Quote Originally Posted by randyr
Thanks for the heads up about the extra bits, Dave. In doing a search for the replacement screws, I've found a few reproduction houses that carry them, some stainless & some regular. I've sent emails asking about the strength of the stainless screws but no response yet. I really don't care which they are as long as they are strong and paint will stick to them. I hope to never remove them again once the doors are adjusted. While I'm at it is there any need to replace the hinge pins? Mine seem to be tight and in good working order.

I'm quite a ways away for exhaust pipes yet but I'm listening to you guys and formulating ideas along the way.
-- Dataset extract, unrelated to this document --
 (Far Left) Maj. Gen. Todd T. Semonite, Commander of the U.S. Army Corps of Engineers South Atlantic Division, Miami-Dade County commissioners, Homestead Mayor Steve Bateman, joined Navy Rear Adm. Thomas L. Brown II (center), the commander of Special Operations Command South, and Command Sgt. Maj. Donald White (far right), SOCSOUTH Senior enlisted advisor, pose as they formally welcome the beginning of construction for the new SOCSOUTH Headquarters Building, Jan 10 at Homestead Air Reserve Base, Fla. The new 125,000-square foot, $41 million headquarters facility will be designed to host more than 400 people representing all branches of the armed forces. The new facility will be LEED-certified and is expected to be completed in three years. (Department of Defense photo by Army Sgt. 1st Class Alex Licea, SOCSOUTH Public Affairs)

I had originally thought I would just take it to a muffler shop and have it done but the more I read, the more I'm inspired to tackle it myself. Does the aluminized steel use the same welding gas (CO2/argon) that I have or something different?
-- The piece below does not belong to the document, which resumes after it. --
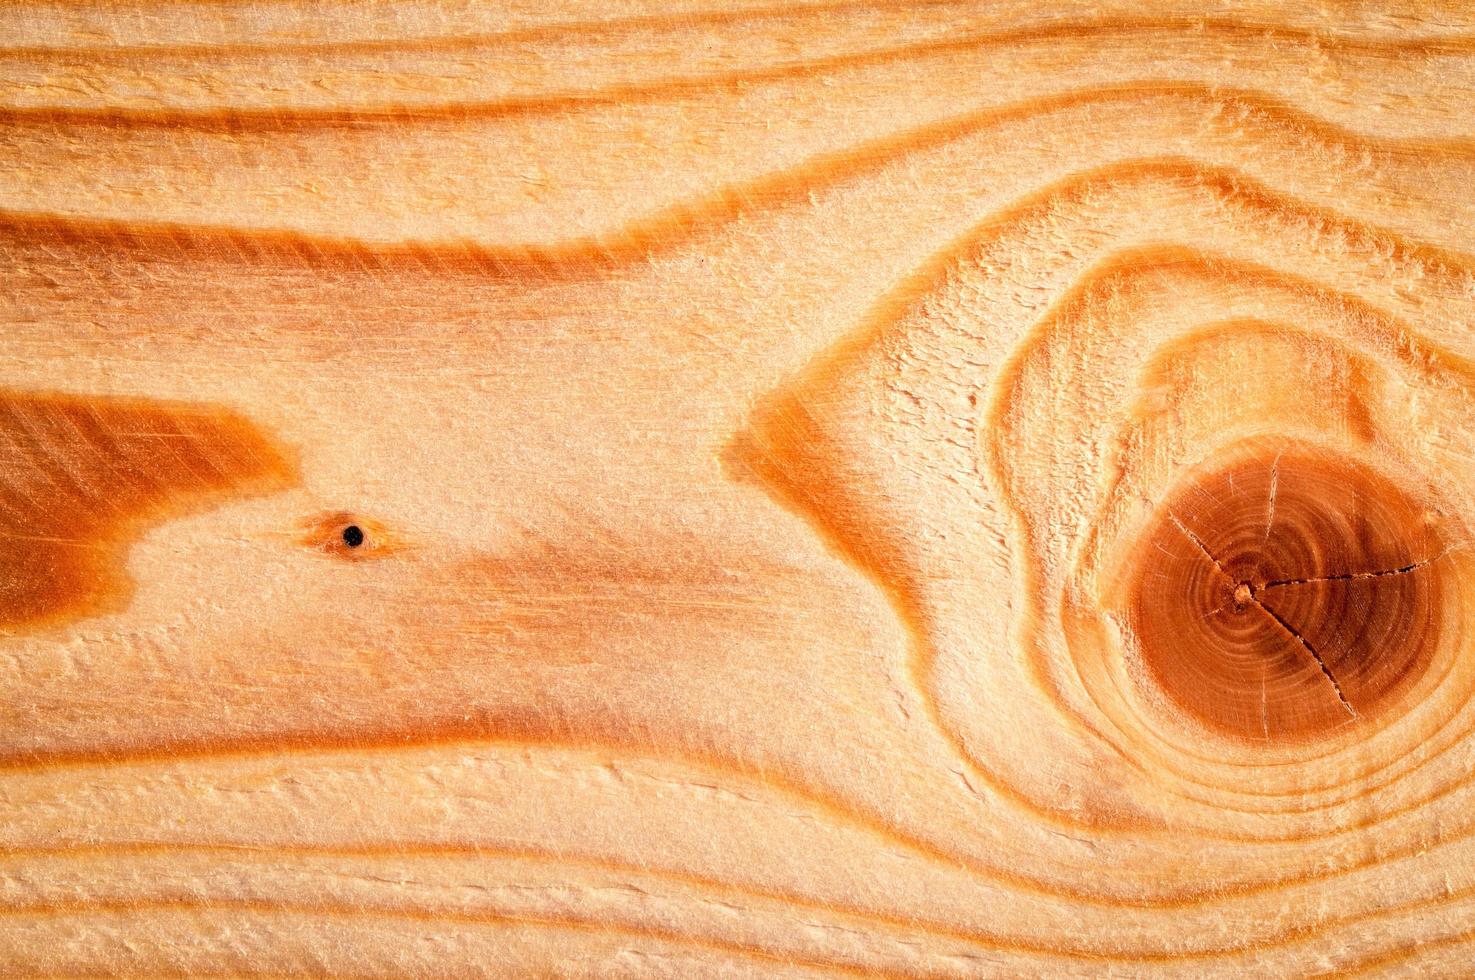 Detail of tree rings and knots on wood photo

Anyway, Dave I'm anxious to see that body on your frame. Will that be happening soon or are you still building a bird house?? LOL!

Later guys.
Randy
Randy - up early today, eh!!!
You'll be lucky to get more then a D-u-h-h from most suppliers. IMO, the ferrous OEMs lasted 70 years, why SS if you are painting them. If I had the hinges off I would replace the pins regardless (assuming you can find them)
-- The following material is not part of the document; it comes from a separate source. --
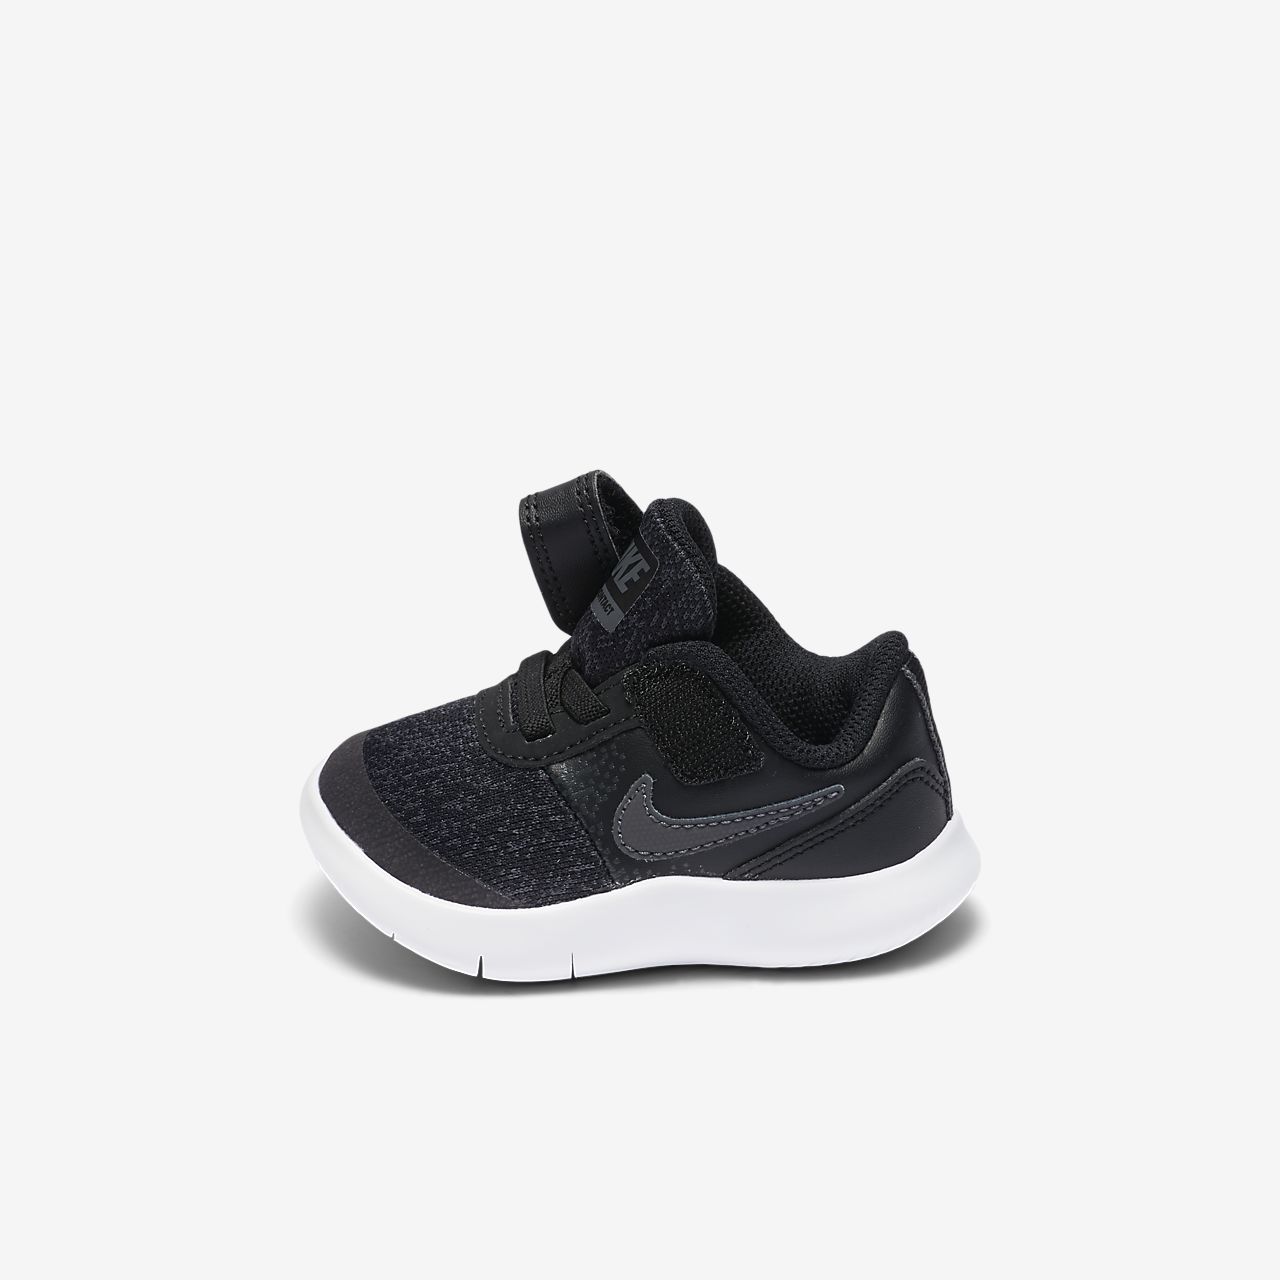 nike flex contact baby shoes off 60

I used the standard auto supply store aluminized steel and it welded nicely with my standard CO2/Argon gas. When you cut pipe off, you end up with a clean end with no aluminum. I dressed the burrs and made a weld prep with a file because I used a sawzall instead of a pipe cutter.

Your anxious to see the body on the frame - but I'm beyond that. A foot of slop in my backyard has to disappear before I can drag the chassis up the hill to the garage. Don't want to get it stuck in a "raw" state in my lawn.